5 high-sodium foods that can affect your health
What's the story
Most of us know that too much salt can be bad for our health, but we often overlook some common foods that can add to our daily intake. These foods may not taste salty but can still contribute significantly to our sodium consumption. Knowing these hidden sources is important to keep a balanced diet and avoid excess salt. Here are five such foods that may surprise you.
#1
Bread and bakery products
Bread and other bakery products are staples in many diets, but they can also be a major source of hidden salt. Most commercial breads have around 200 milligrams of sodium per slice. This is because salt is added to enhance flavor and preserve freshness. If you're watching your sodium intake, opt for low-sodium bread options or make your own at home with less salt.
#2
Condiments and sauces
Condiments like ketchup, mustard, and soy sauce are often loaded with sodium to enhance their taste. For instance, a tablespoon of soy sauce can have as much as 1,000 milligrams of sodium.
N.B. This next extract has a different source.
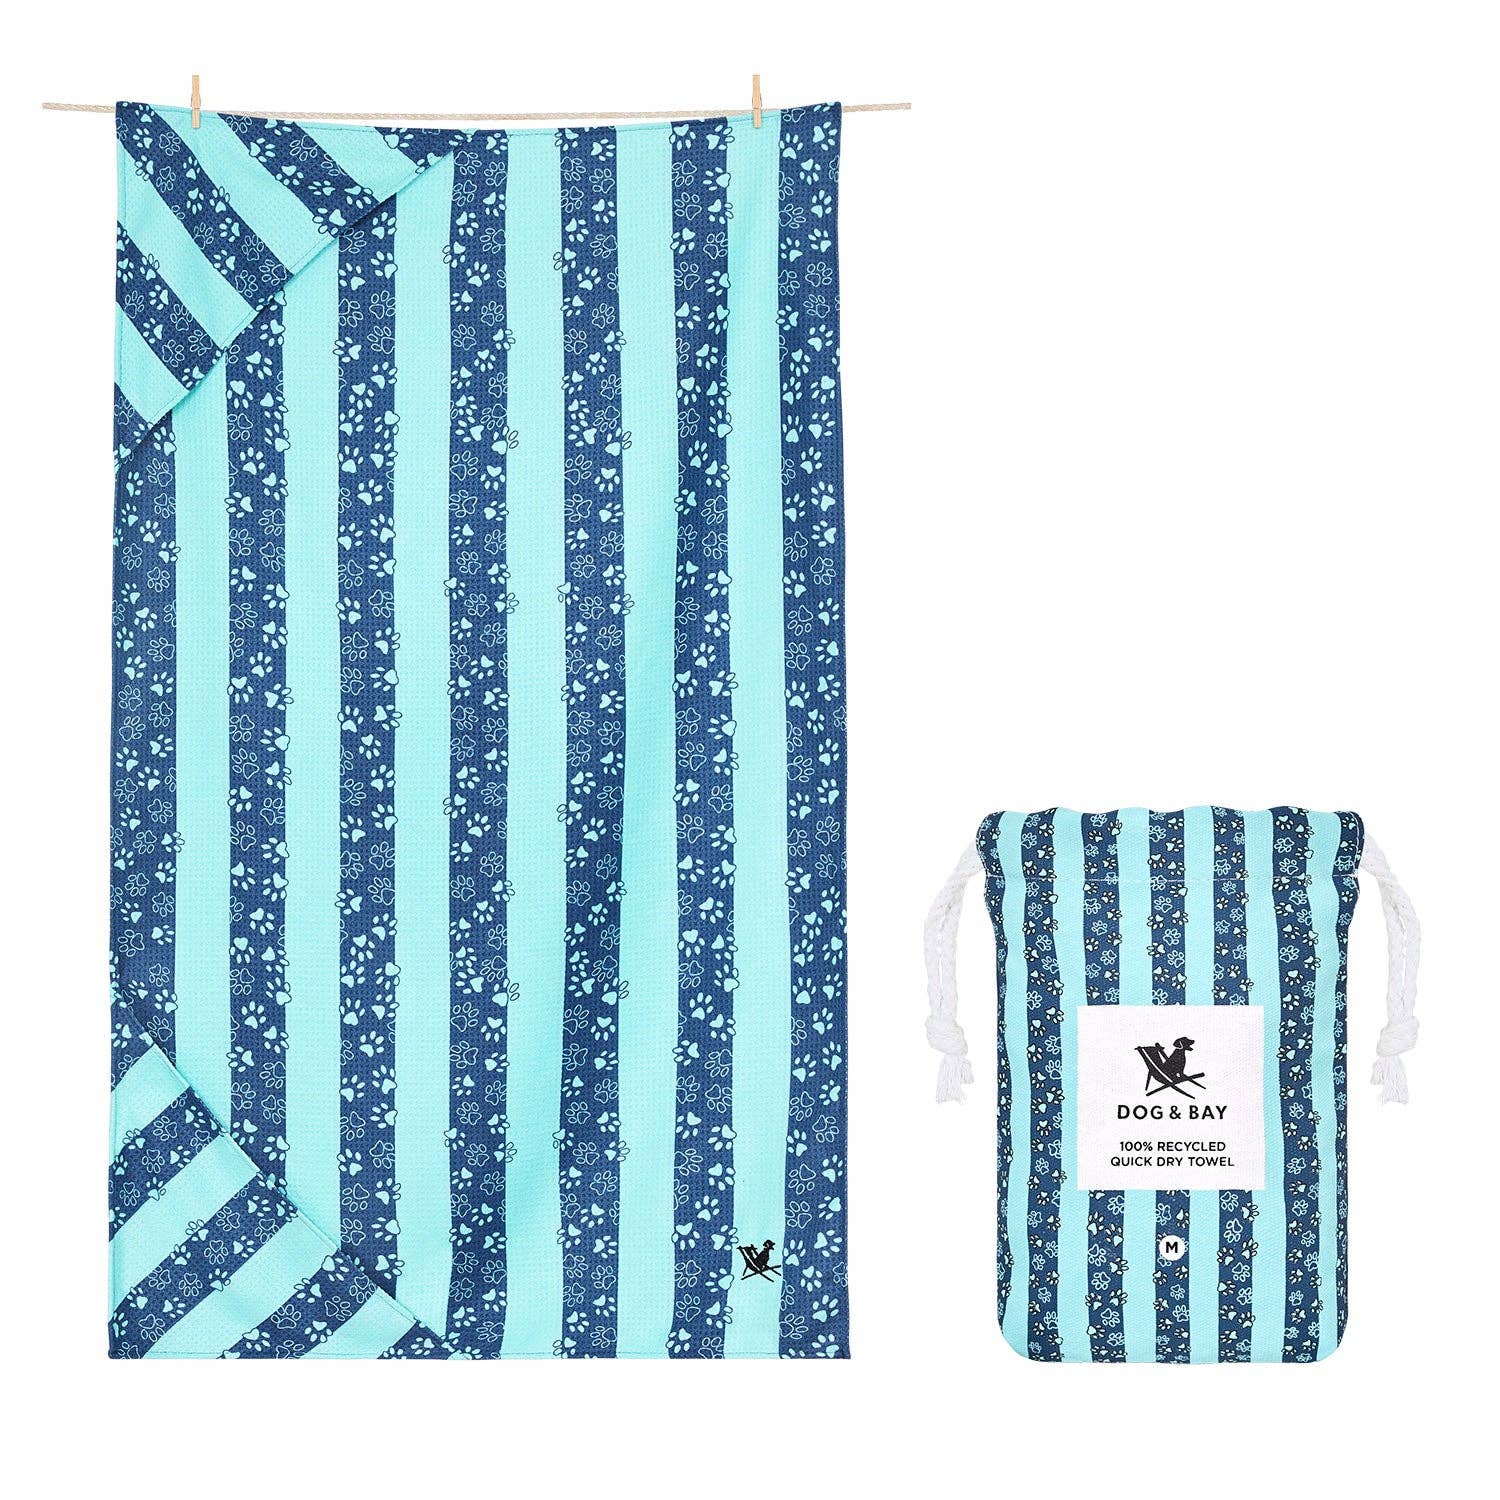 Quick Dry Dog Towel in Dog Days - 2 sizes - The Preppy Bunny
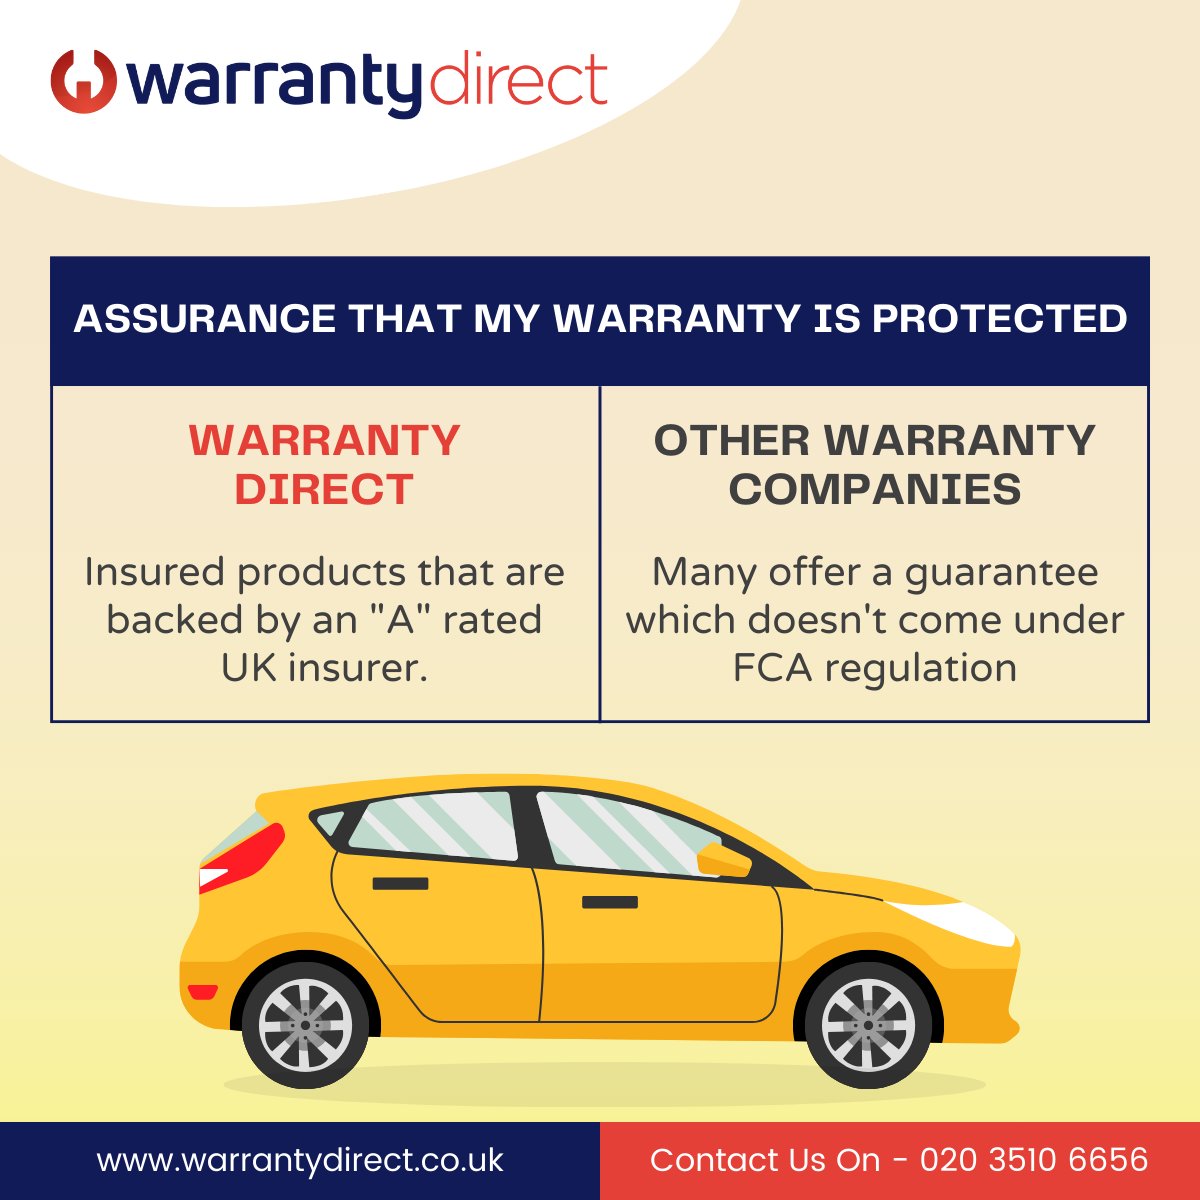 At Warranty Direct, we prioritize your protection with insured products backed by an 'A' rated UK insurer. Don't settle for less with other warranty companies, zurl.co/DVAW #warrantydirect #assurance #carwarranty #warranty #vehiclewarranty #uk #usedcar #cars

While these condiments add flavor to your meals, it's important to use them sparingly or look for low-sodium versions to keep your overall salt intake in check.
#3
Cheese varieties
Cheese is another common food that packs more sodium than you might expect. Hard cheeses such as Parmesan can have more than 500 milligrams of sodium per ounce. While cheese makes for a good source of calcium and protein, those watching their salt intake should go for lower-sodium varieties or limit their portions.
#4
Canned vegetables and legumes
Canned vegetables and legumes are super convenient but can be loaded with hidden salts from the preservation process. Most canned goods have added salt to keep them fresh over time. If you want to avoid excess sodium, rinse canned vegetables before eating or go for no-salt-added versions when possible.
#5
Processed snacks
Processed snacks such as chips and crackers are usually high in salt, as it is used liberally during the manufacturing process to enhance flavor and shelf life. A serving of some snack foods can easily have 300 milligrams or more of sodium. For those watching their salt intake, it is advisable to read labels carefully and choose snacks with lower sodium content whenever possible.